[Exercise objective]
Exactly as written, retype the listing below, omitting the pictures.

[Recorded data]
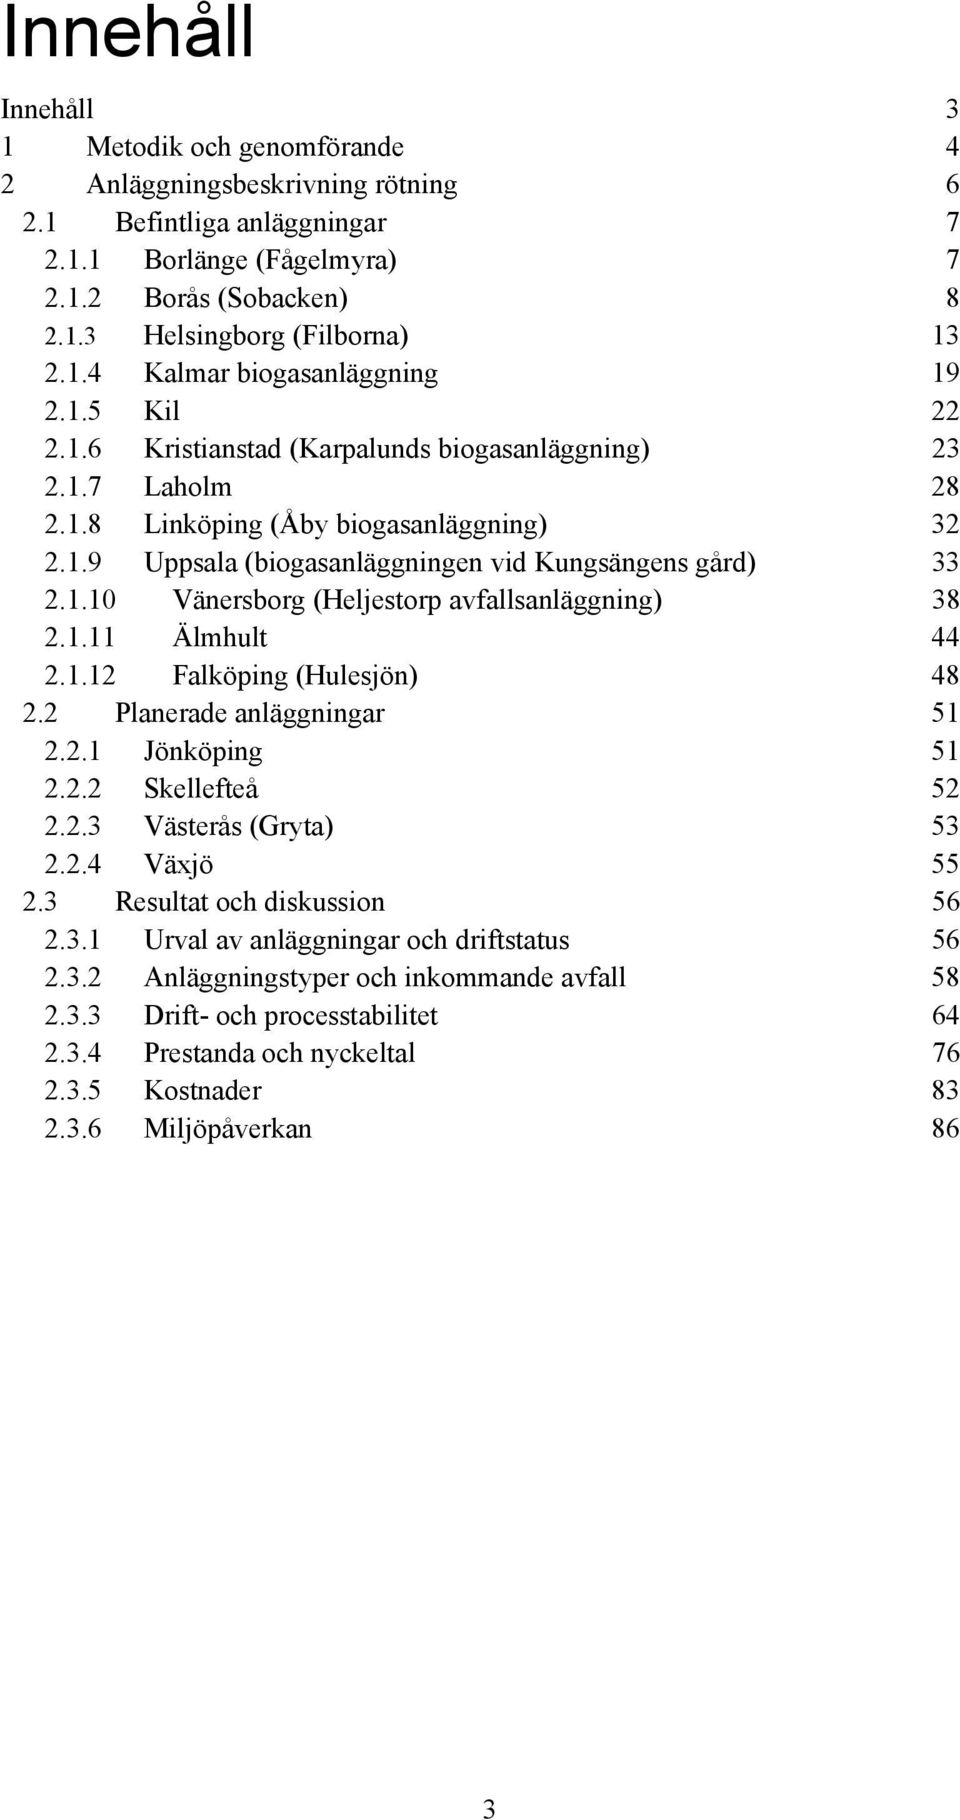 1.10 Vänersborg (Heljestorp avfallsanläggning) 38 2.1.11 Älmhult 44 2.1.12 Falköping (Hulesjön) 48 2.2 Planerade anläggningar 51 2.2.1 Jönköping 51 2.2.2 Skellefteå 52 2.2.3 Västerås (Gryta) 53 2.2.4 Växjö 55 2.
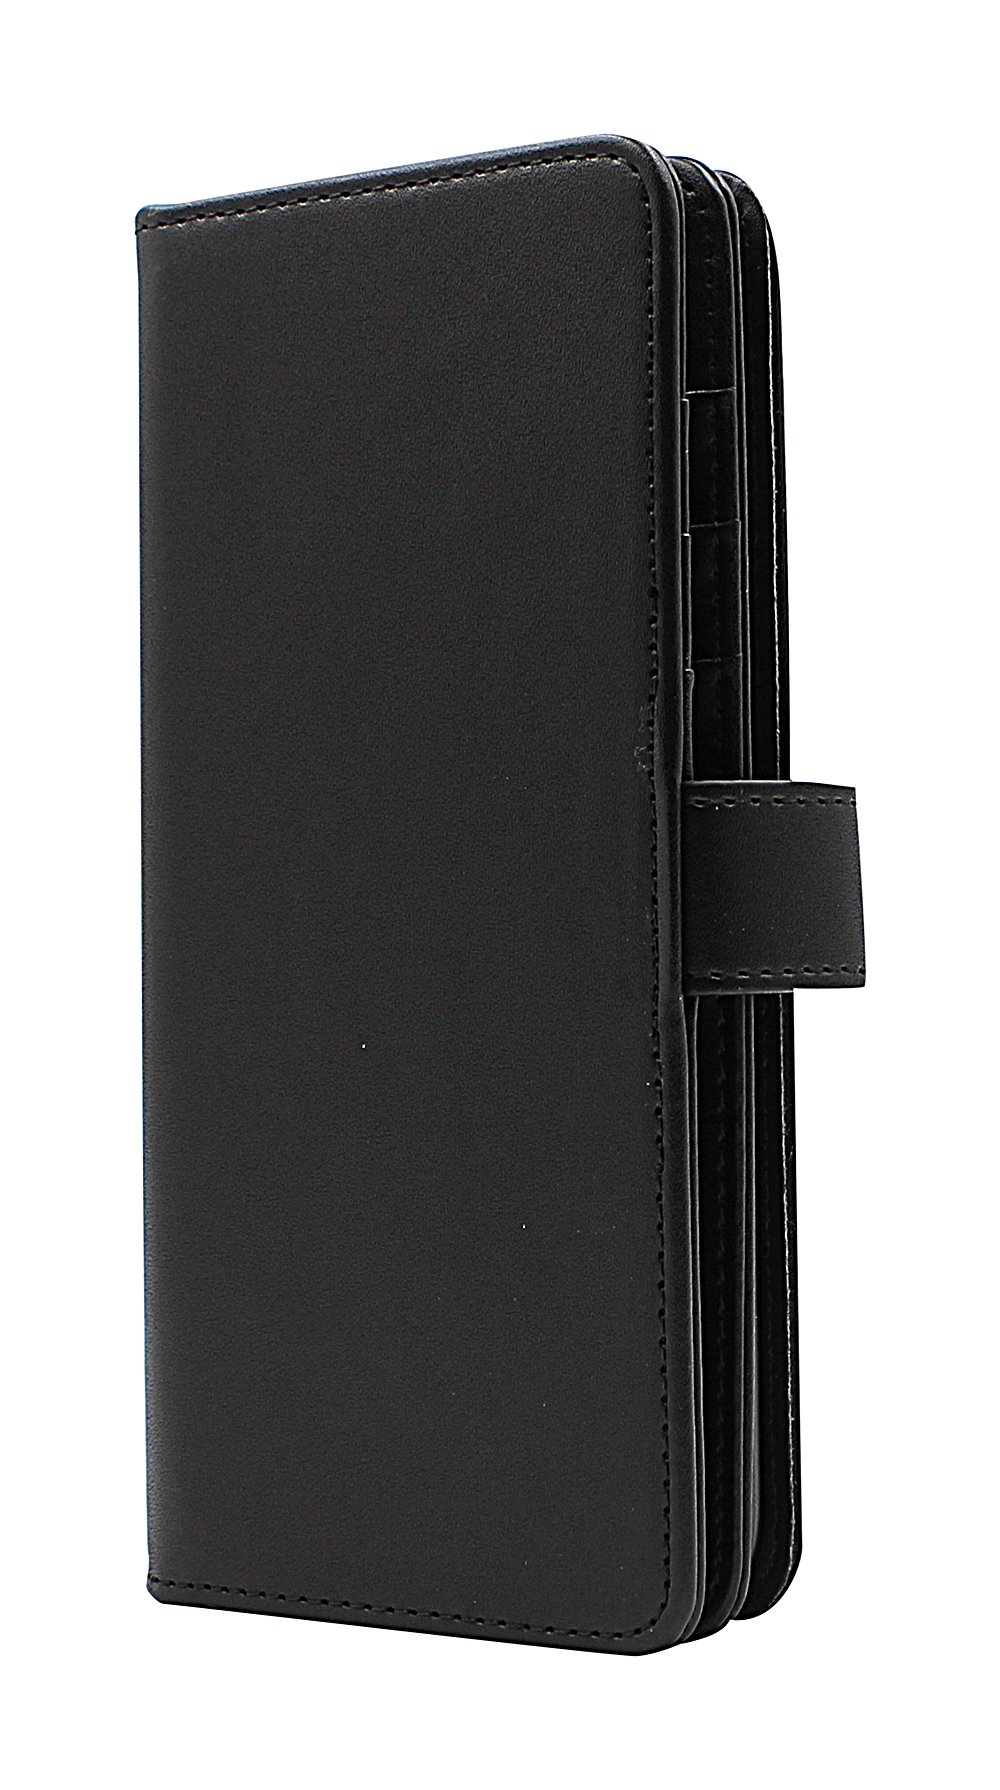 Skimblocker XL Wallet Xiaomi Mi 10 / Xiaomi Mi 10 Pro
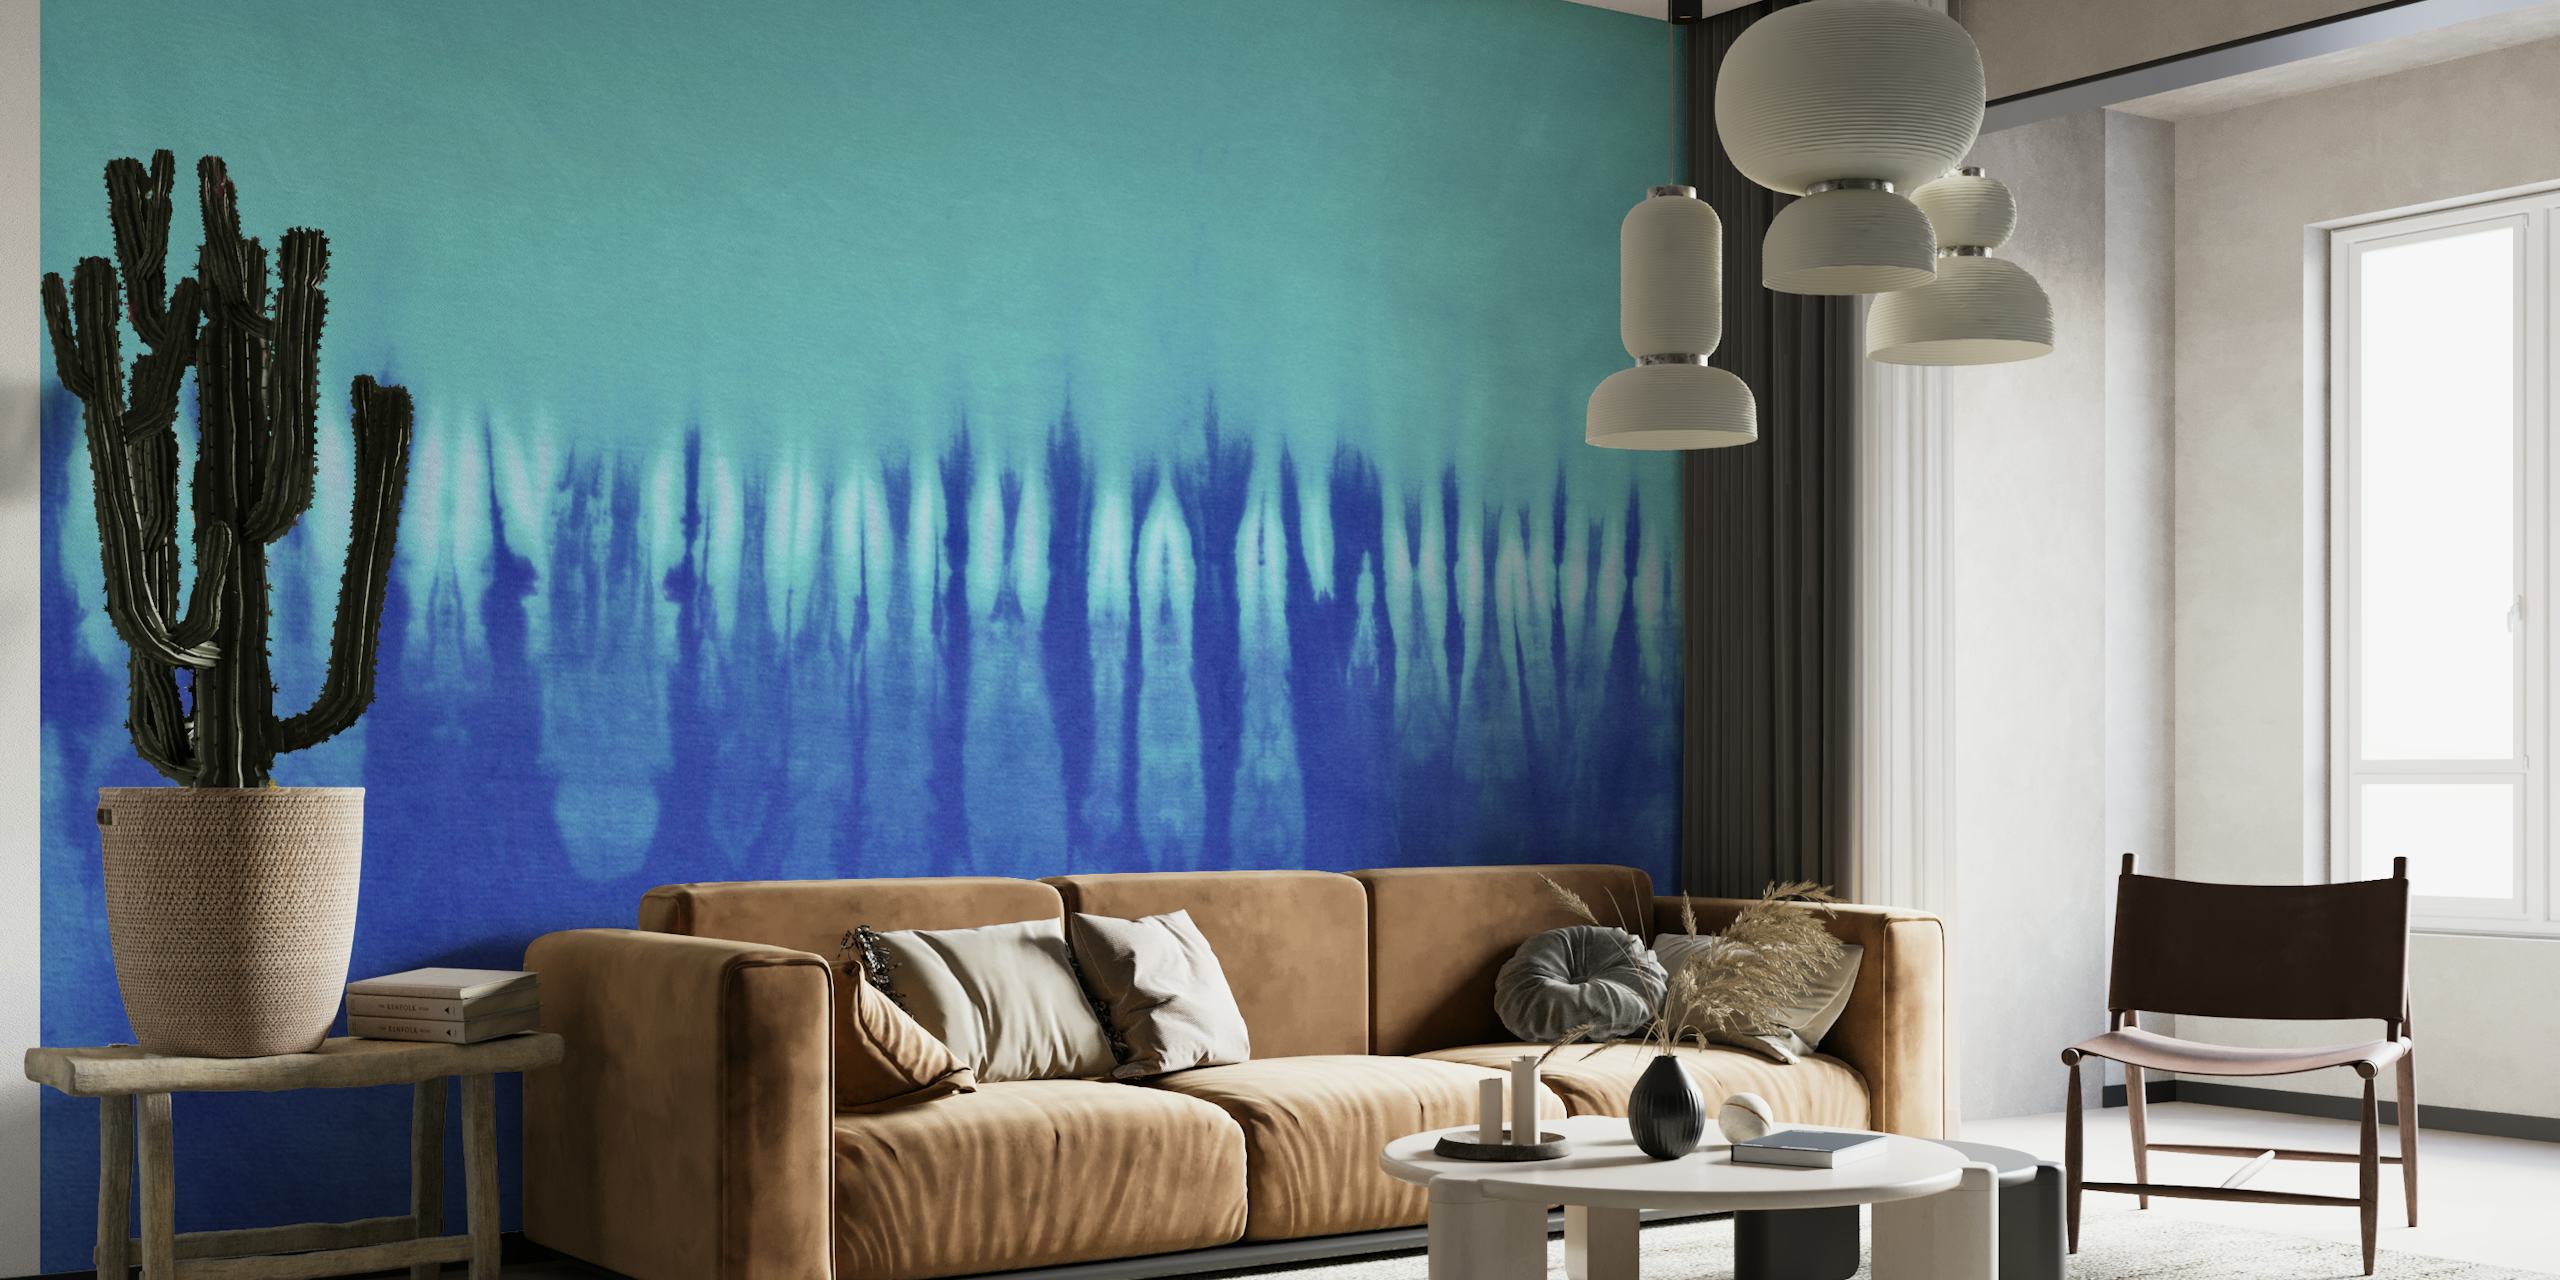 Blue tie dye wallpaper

[Solution to the exercise]
 1.10 Vänersborg (Heljestorp avfallsanläggning) 38 2.1.11 Älmhult 44 2.1.12 Falköping (Hulesjön) 48 2.2 Planerade anläggningar 51 2.2.1 Jönköping 51 2.2.2 Skellefteå 52 2.2.3 Västerås (Gryta) 53 2.2.4 Växjö 55 2.
 Skimblocker XL Wallet Xiaomi Mi 10 / Xiaomi Mi 10 Pro
 Blue tie dye wallpaper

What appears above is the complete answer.